Please set down exactly the lines from the one that contains "Smiling senior african" through the end of the material, leaving out every picture.

Supplied data —
++++++++++
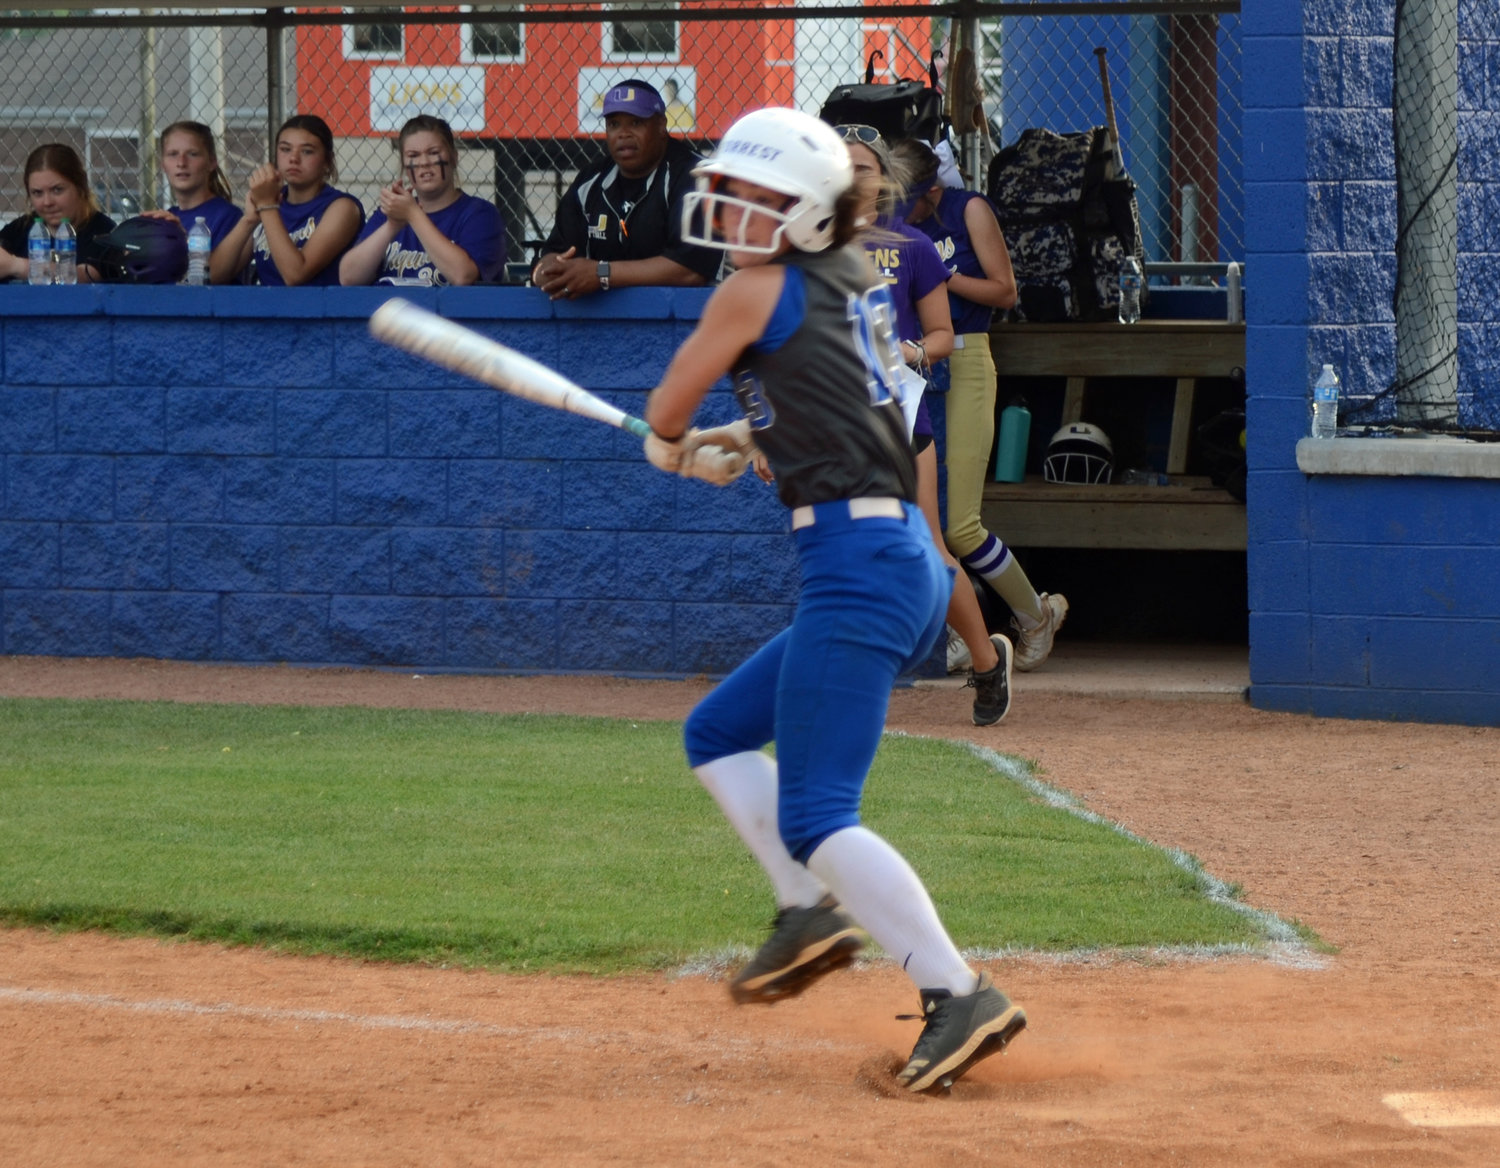 Forrest’s Addison Bunty is the lone senior on the squad and Friday night also marks graduation day for the Lady Rockets’ left fielder.
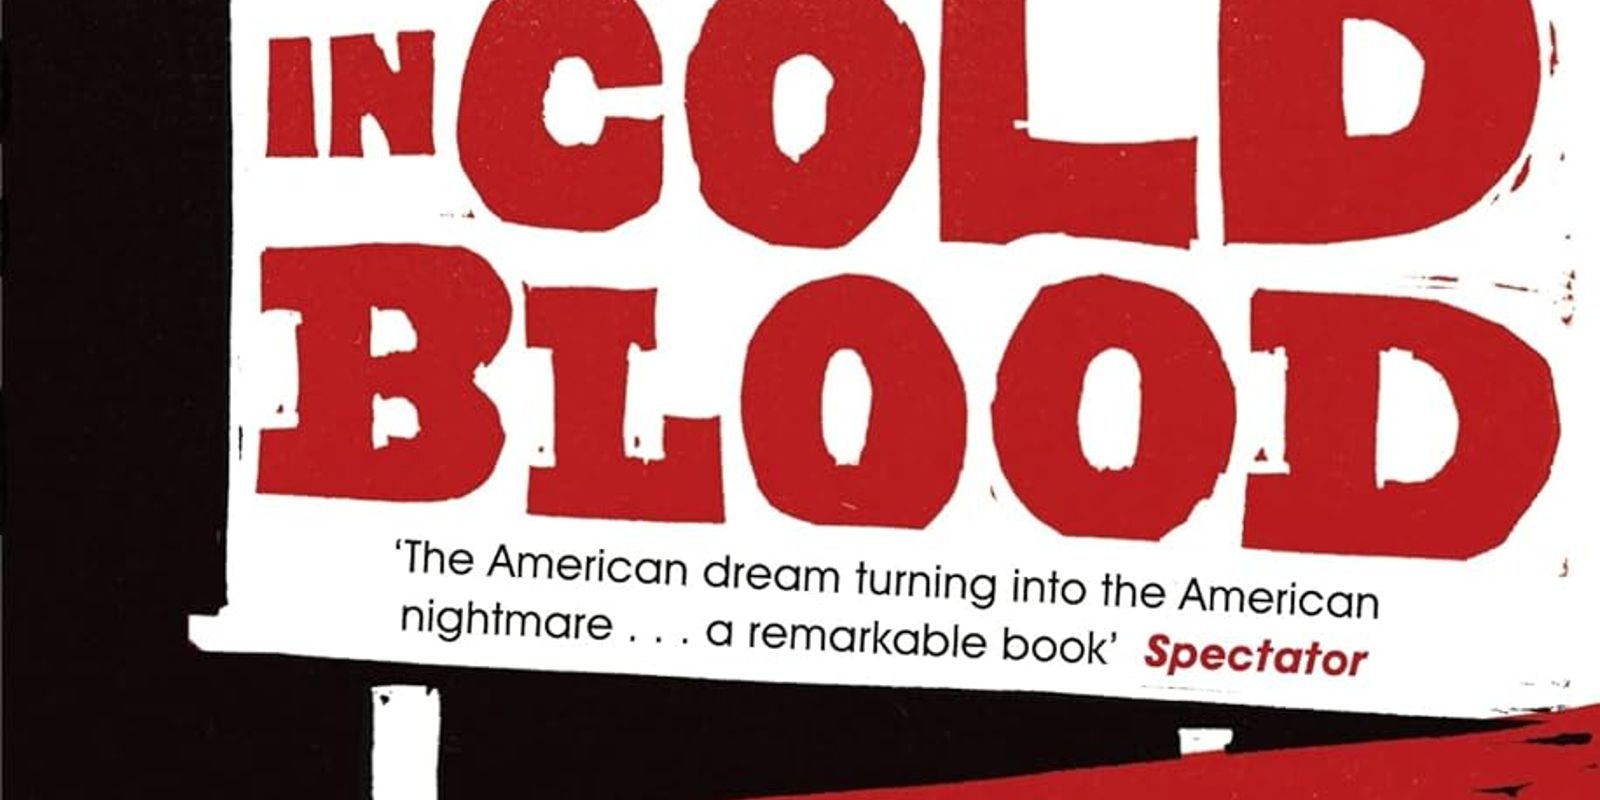 This image shows the cover of In Cold Blood by Truman Capote
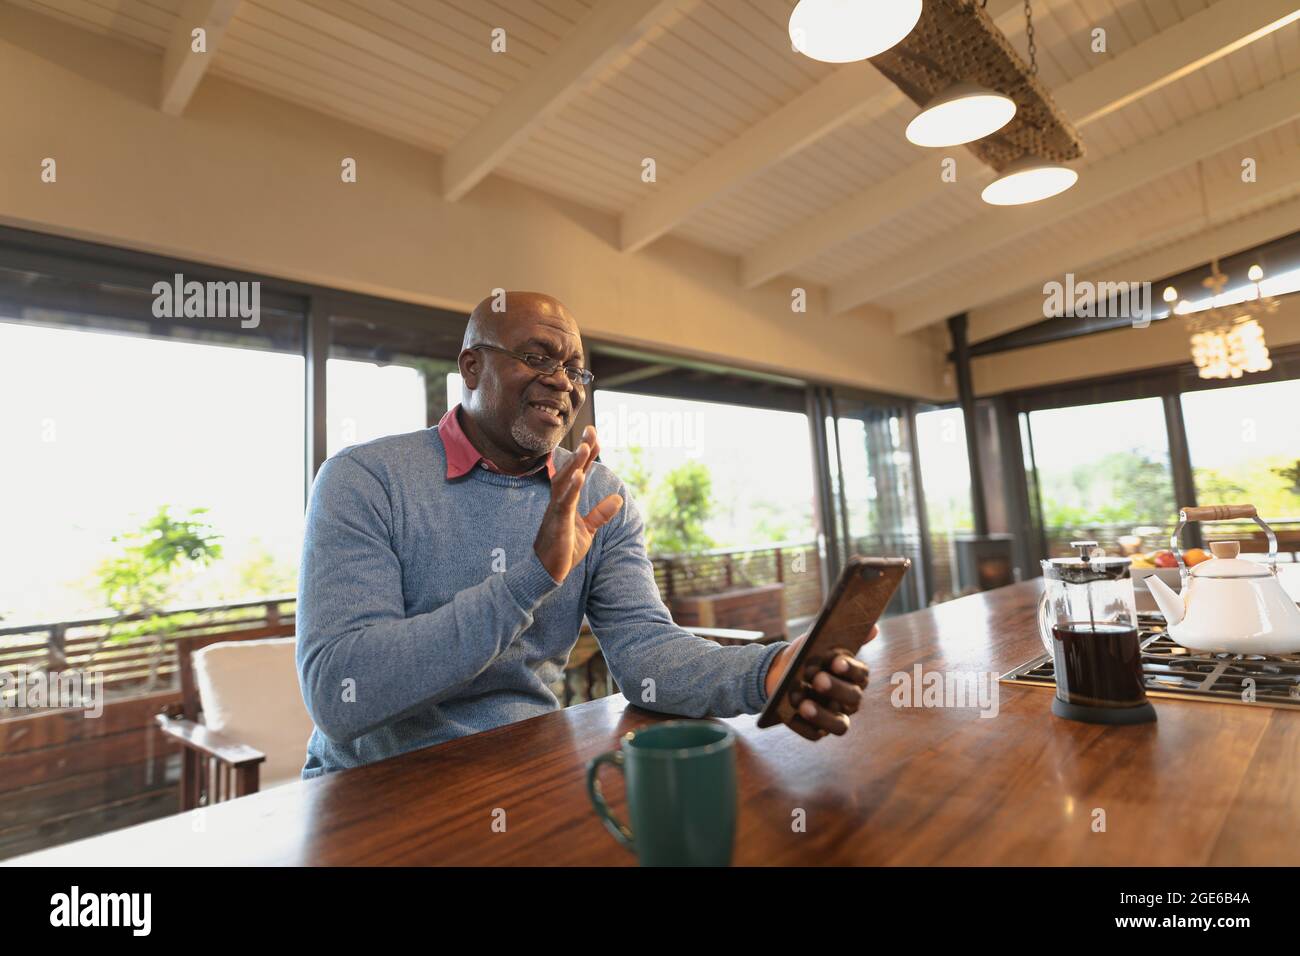 Smiling senior african american man siting in the modern kitchen and making video call Stock Photo
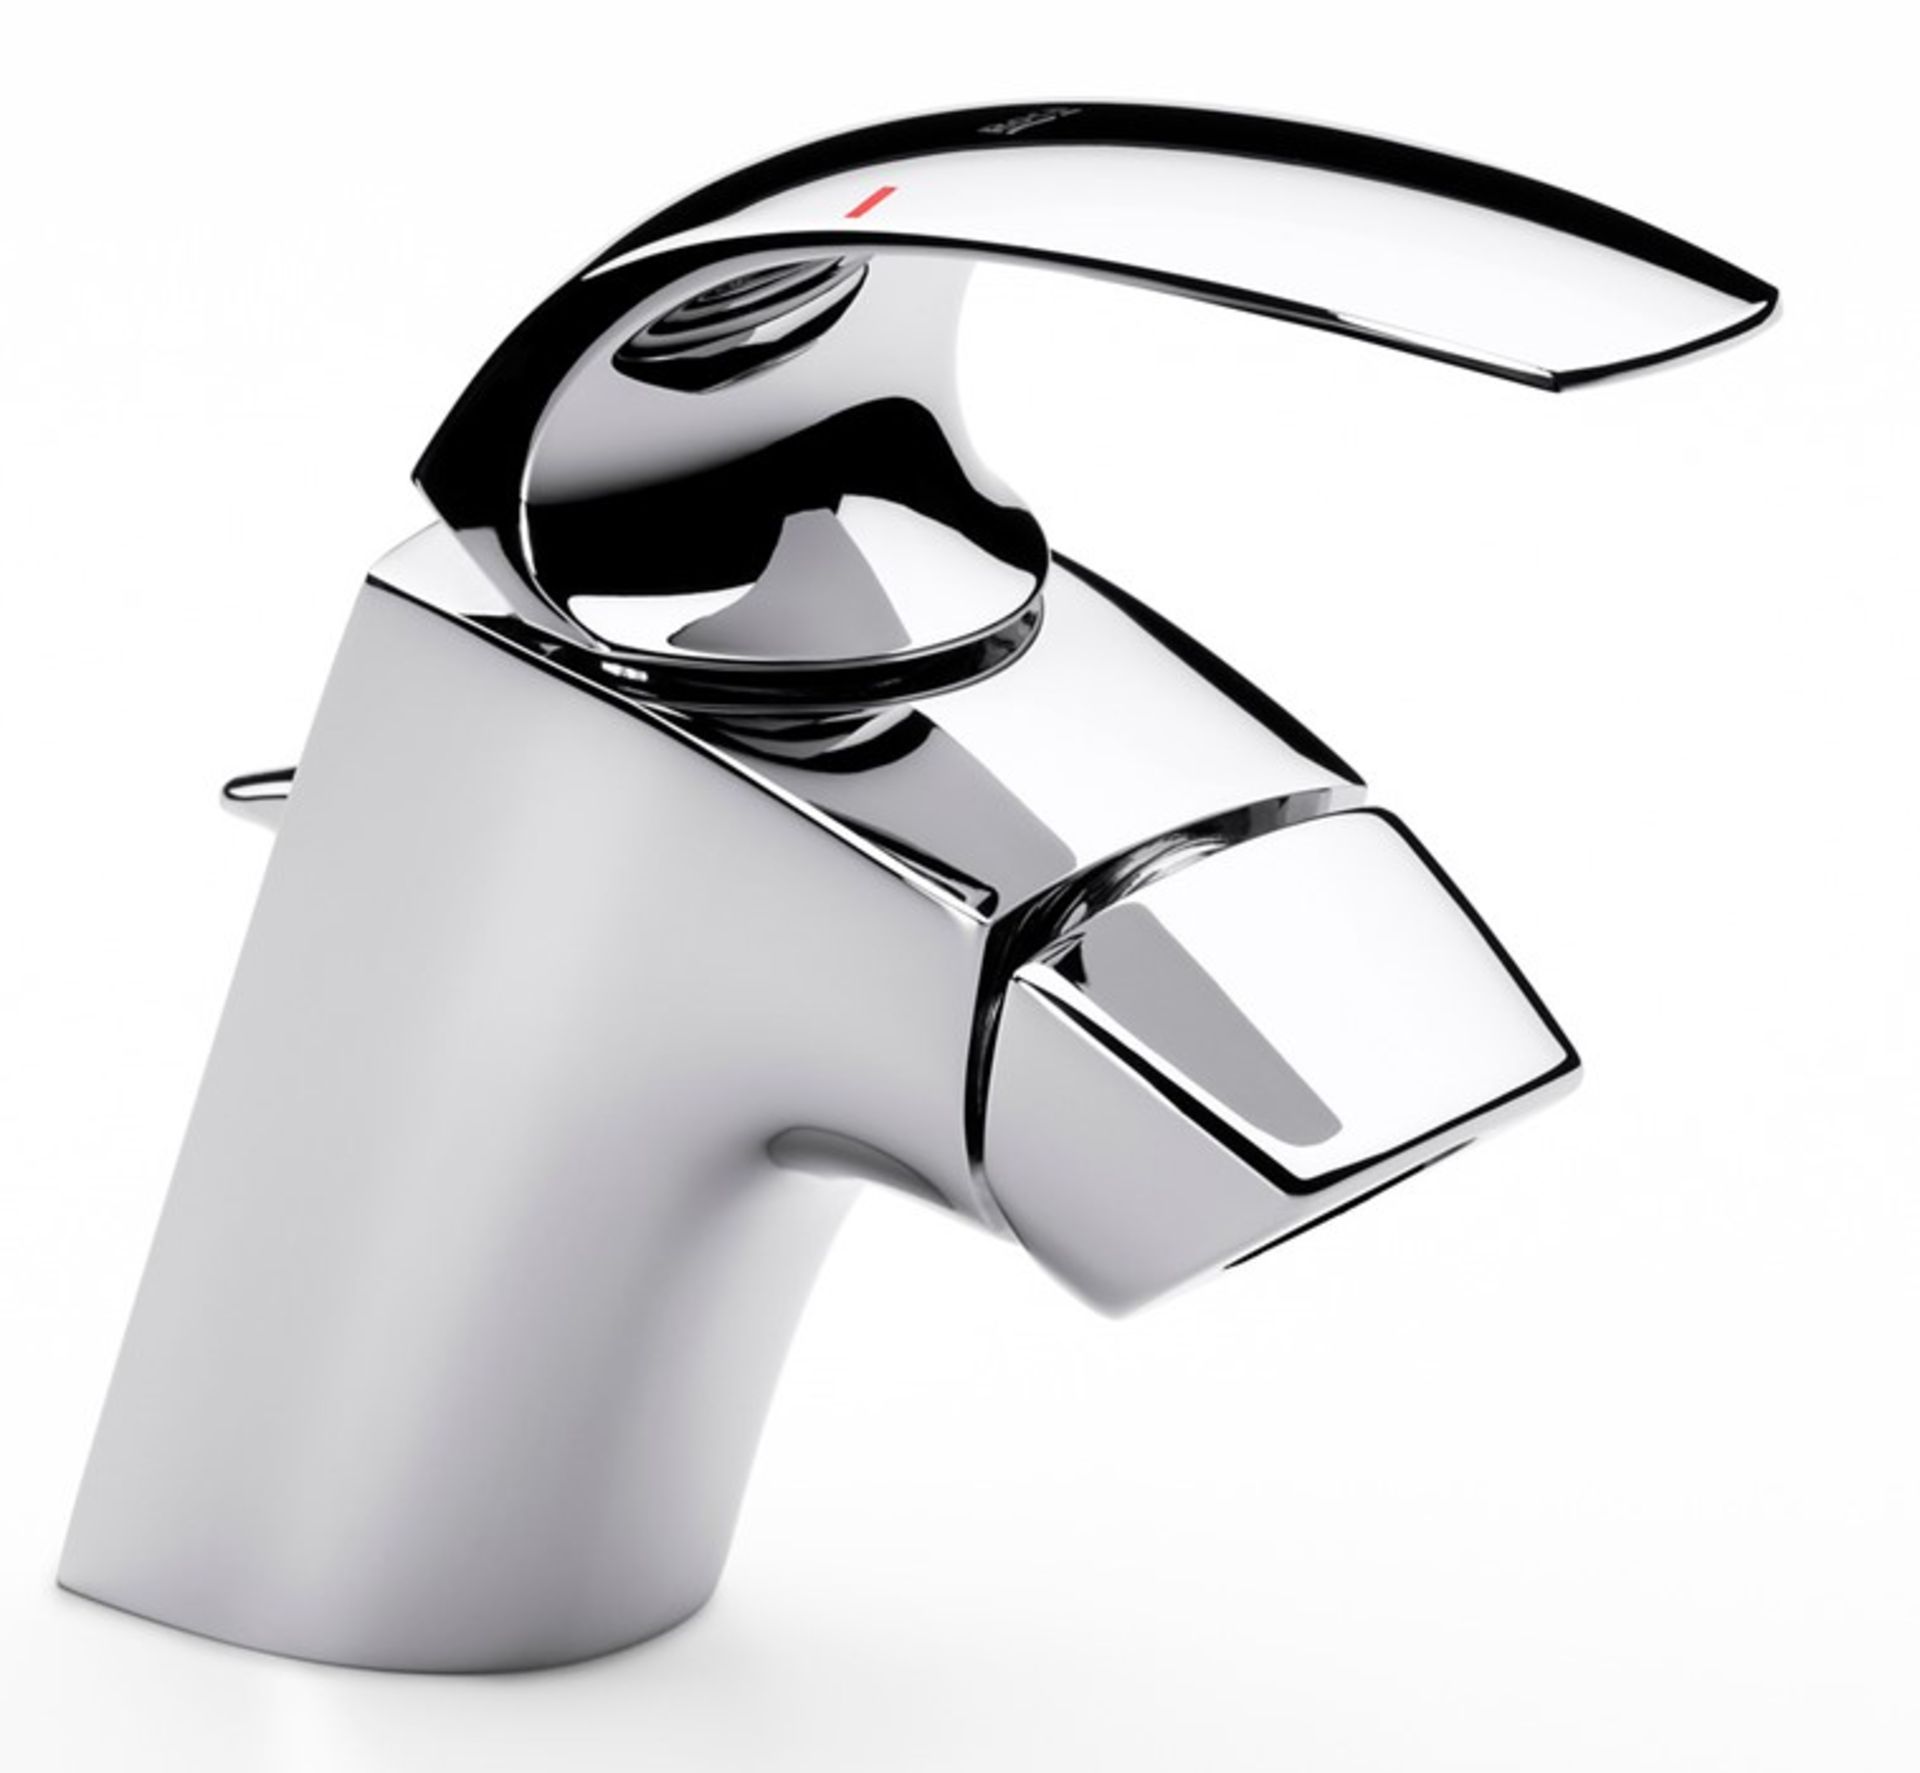 Roca M2-N bidet mixer tap with pop up waste, new and boxed.
++++++++++
Written solution —
 Smiling senior african american man siting in the modern kitchen and making video call Stock Photo
 Roca M2-N bidet mixer tap with pop up waste, new and boxed.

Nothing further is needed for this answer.